Hardly anyone posting freshwater reports anyway. A lot of lurkers, but few contributors. Would be nice to have more participation.


----------



## jcoss15 (Oct 11, 2010)

billyb said:


> Sounds like fishing and hunting may not fit in your schedule for a while. You got me excited after posting about fly fishing. I still haven't mastered this technique.


 Football ends in October, house should be finished late November, baby due in December...so by the first of the year I might find some time, maybe...


----------



## sureicanfish (Sep 30, 2007)

Shoot you about sound like me. Brand new baby, house hopefully done in October, 4 year old started pre-K...boat just sitting:001_huh:


----------



## SurfRidr (Apr 24, 2012)

For the record I enjoy JCoss' posts as well. I don't catch many bass so I don't post much. I could catch bass in just about any reservoir you put me on in North Carolina but I just don't seem to have the mojo for these river systems yet. :whistling:


----------



## Try'n Hard (Oct 23, 2008)

jcoss15 said:


> Football ends in October, house should be finished late November, baby due in December...so by the first of the year I might find some time, maybe...




No - thats not how it works... when the new baby gets married and moves out, then you might find some time! Lol. Enjoy it brother!


----------



## Jason (Oct 2, 2007)

Try'n Hard said:


> No - thats not how it works... when the new baby gets married and moves out, then you might find some time! Lol. Enjoy it brother!

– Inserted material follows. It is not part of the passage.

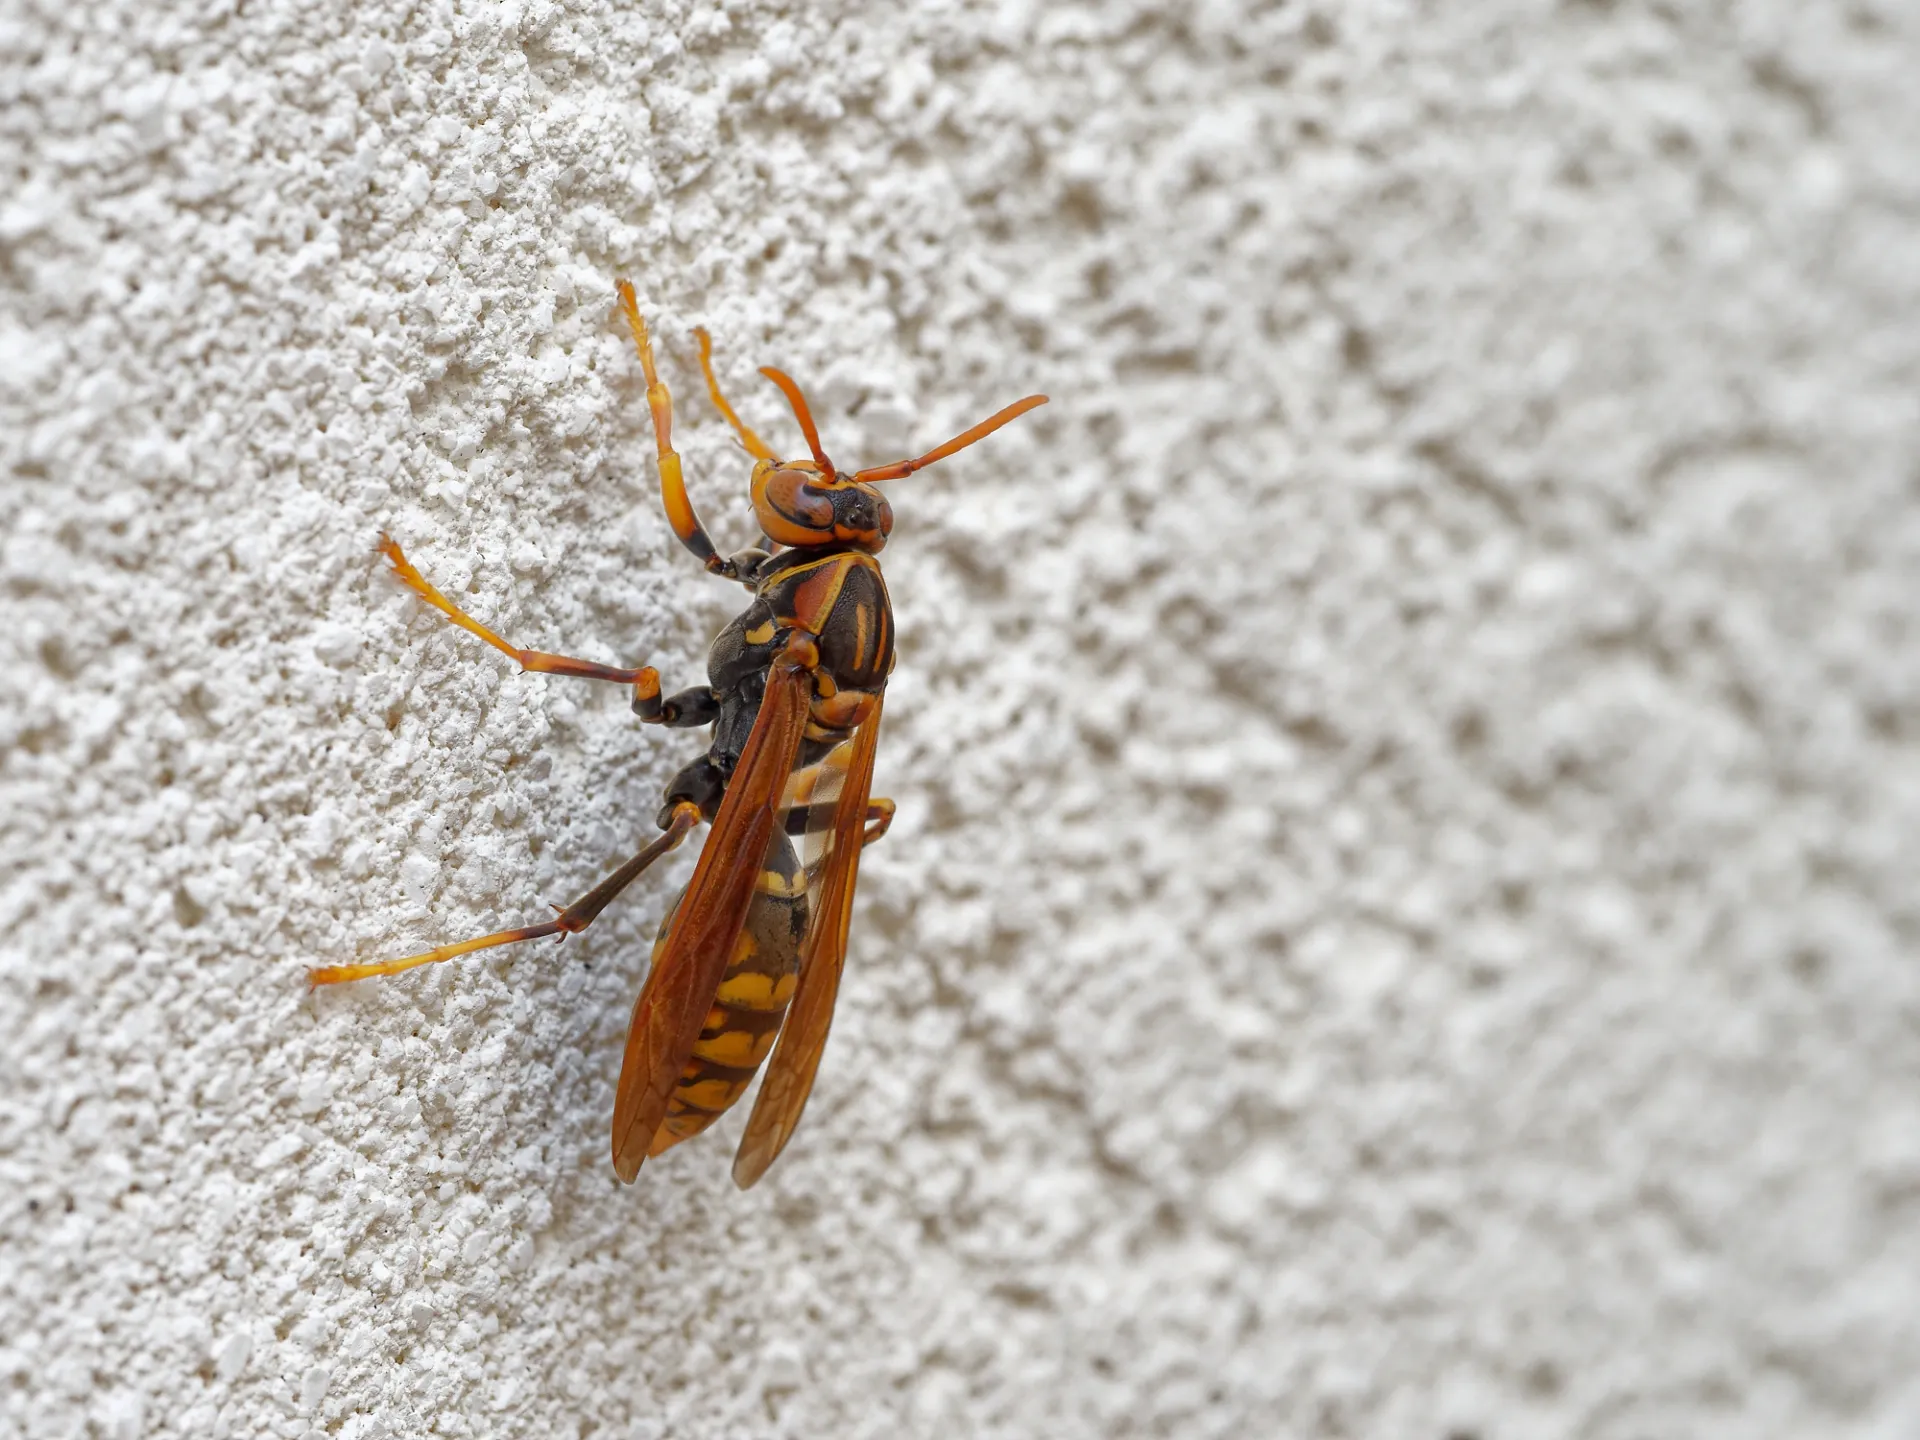 土浦市で蜂駆除する時に白い壁に止まっているアシナガバチ

That's the truth.... Heck when all my 3 of my kids were in school, I was at the ballpark 5 nights a week and sometimes on Saturday!!! Practices/games then trying to squeeze in fishing so many times I hauled the boat to the park and started mostly night fishing!!! Now all my kids are out and I still don't have enough time to fish!!! hahaha


Good luck on future progress!:thumbsup:


----------